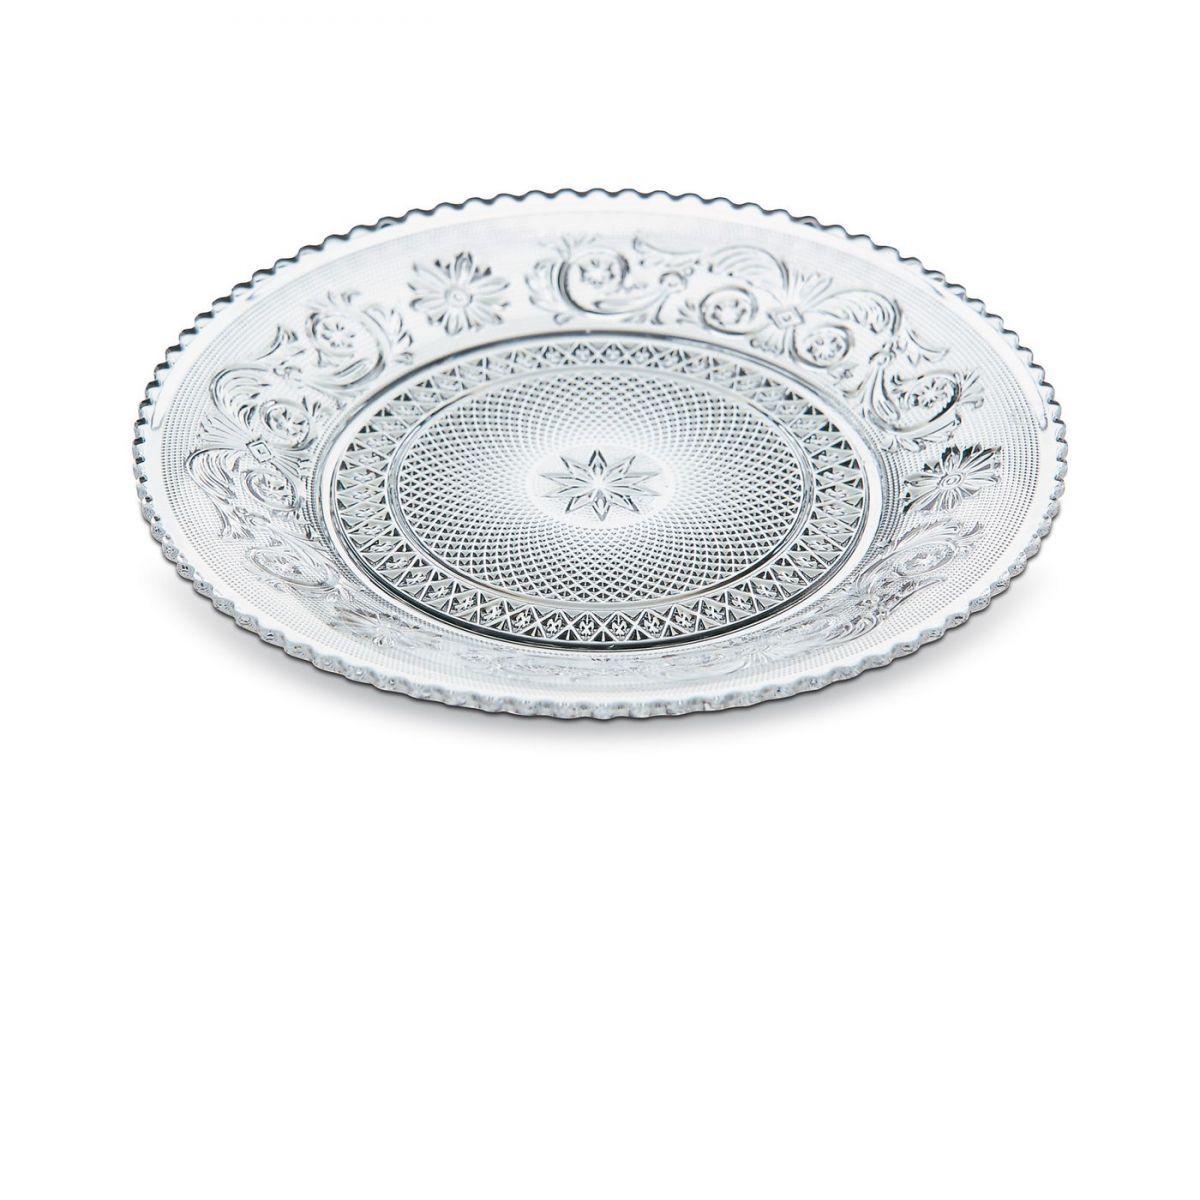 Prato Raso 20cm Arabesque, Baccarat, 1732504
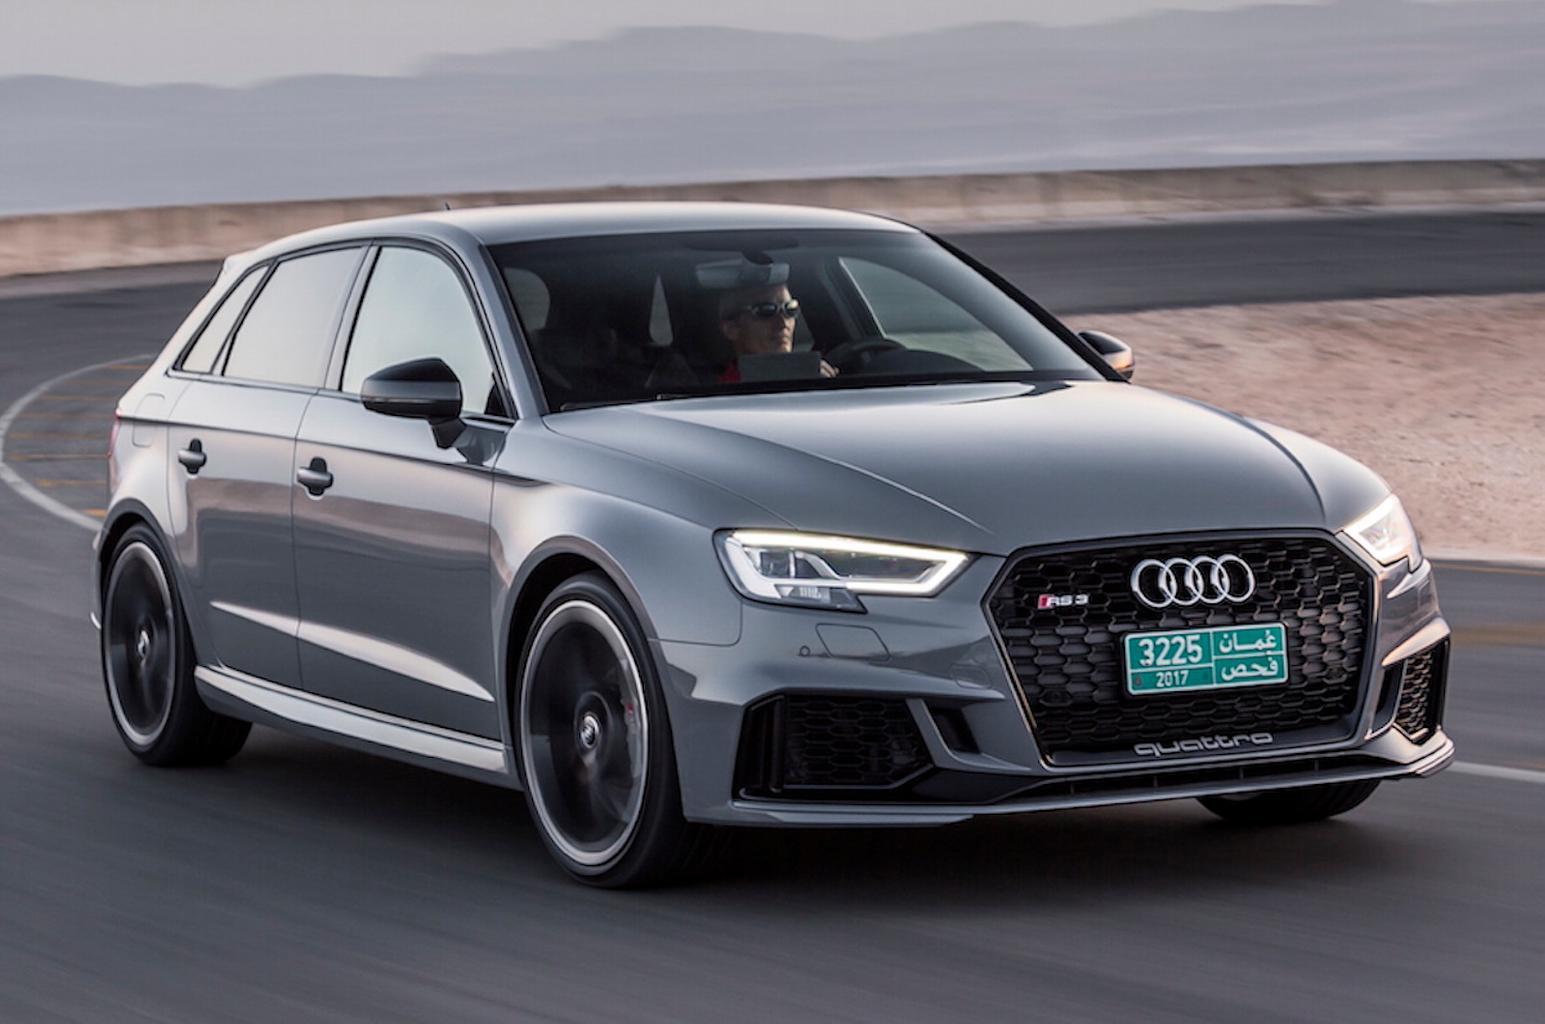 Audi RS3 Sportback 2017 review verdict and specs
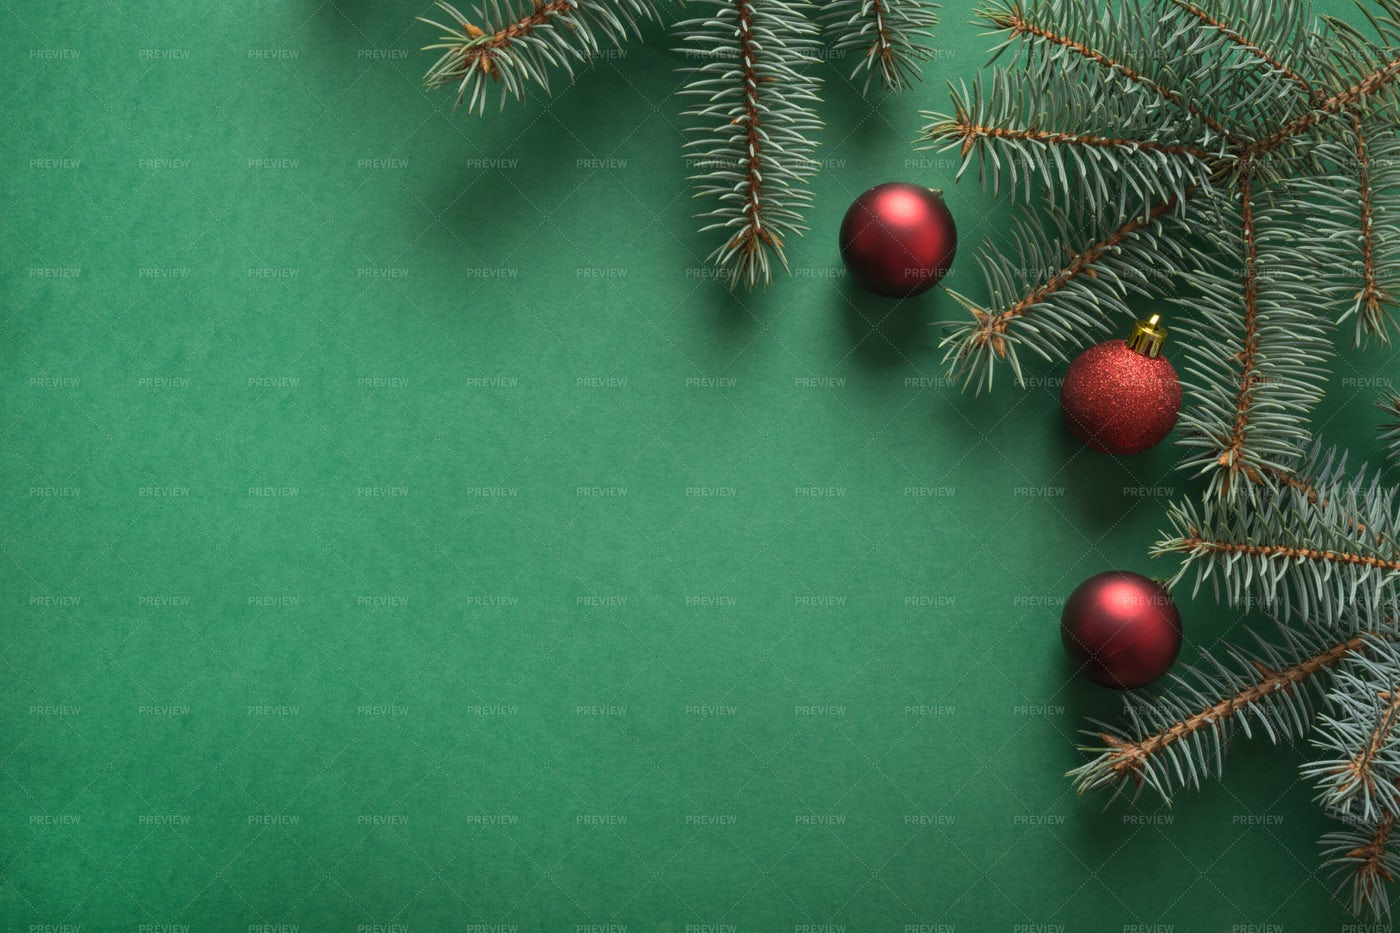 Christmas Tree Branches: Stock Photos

=-=-=-=-=

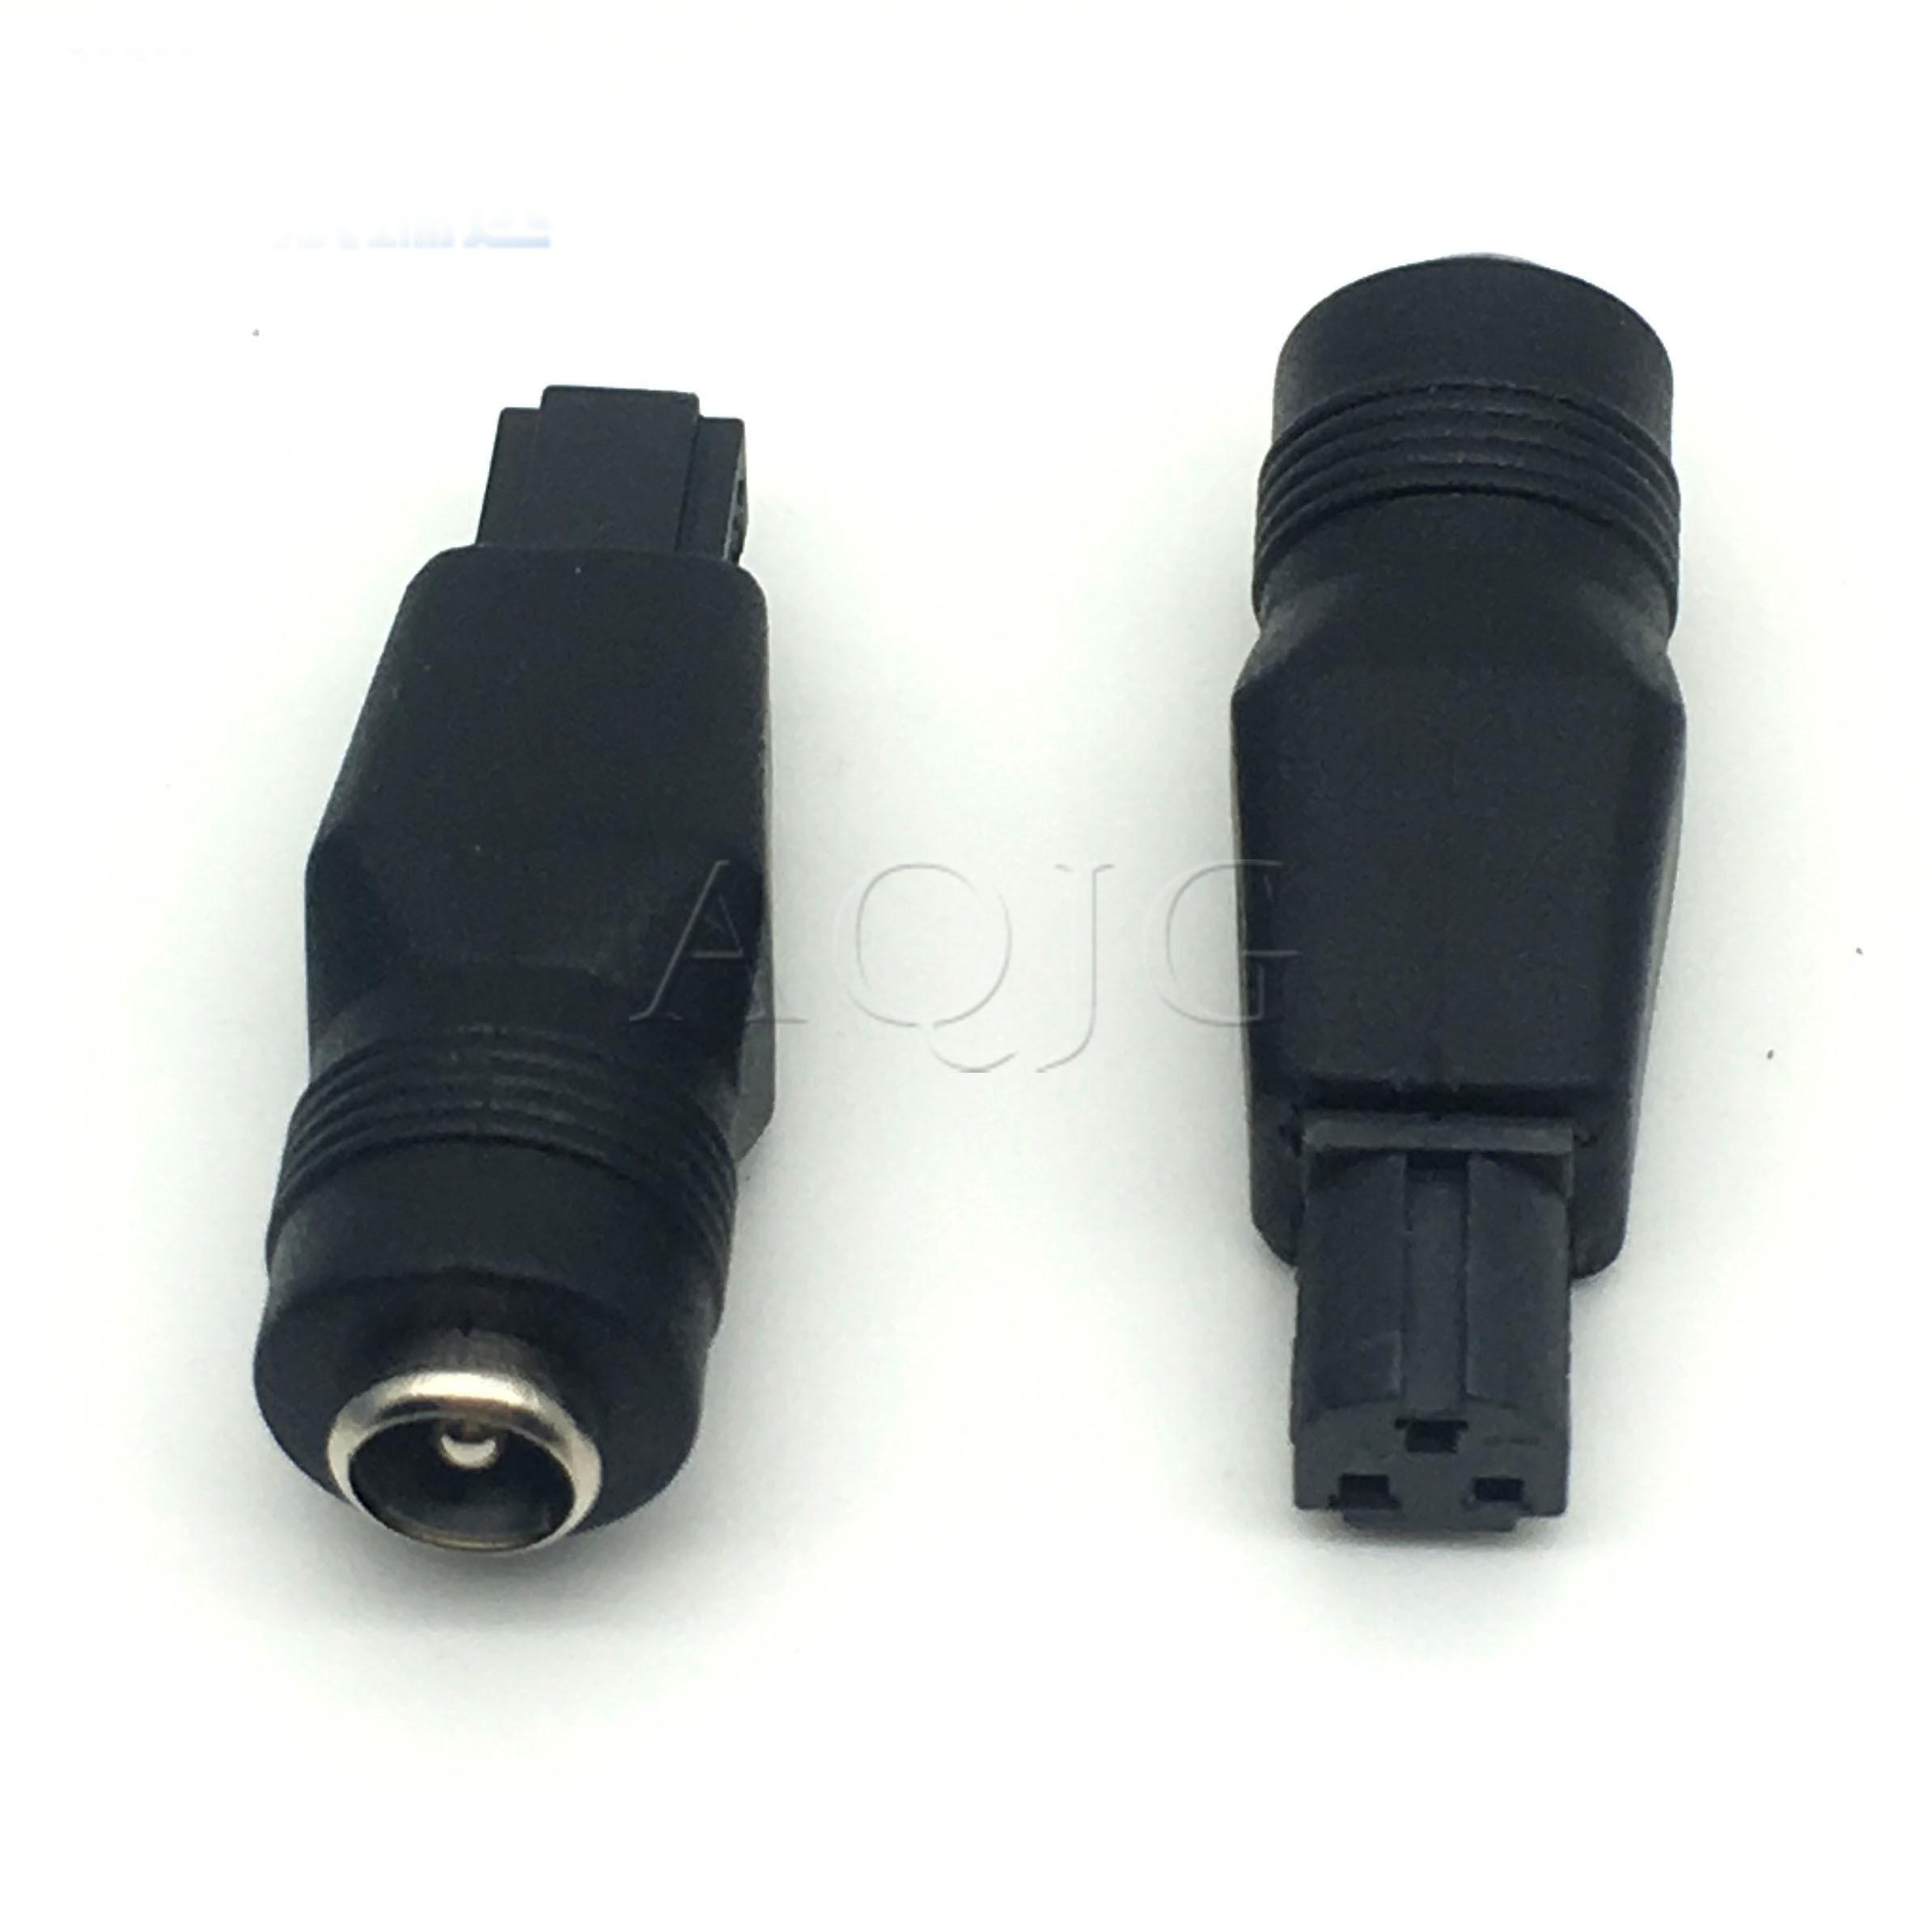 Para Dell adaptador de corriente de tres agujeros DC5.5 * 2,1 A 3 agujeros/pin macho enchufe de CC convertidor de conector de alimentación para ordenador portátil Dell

=-=-=-=-=

Copy only what lies between the line with "Prato Raso 20cm Arabesque, Baccarat, 1732504" and the line with "Christmas Tree Branches: Stock Photos", those two lines included, exactly as given above; pictures stay out.

 Prato Raso 20cm Arabesque, Baccarat, 1732504
 Audi RS3 Sportback 2017 review verdict and specs
 Christmas Tree Branches: Stock Photos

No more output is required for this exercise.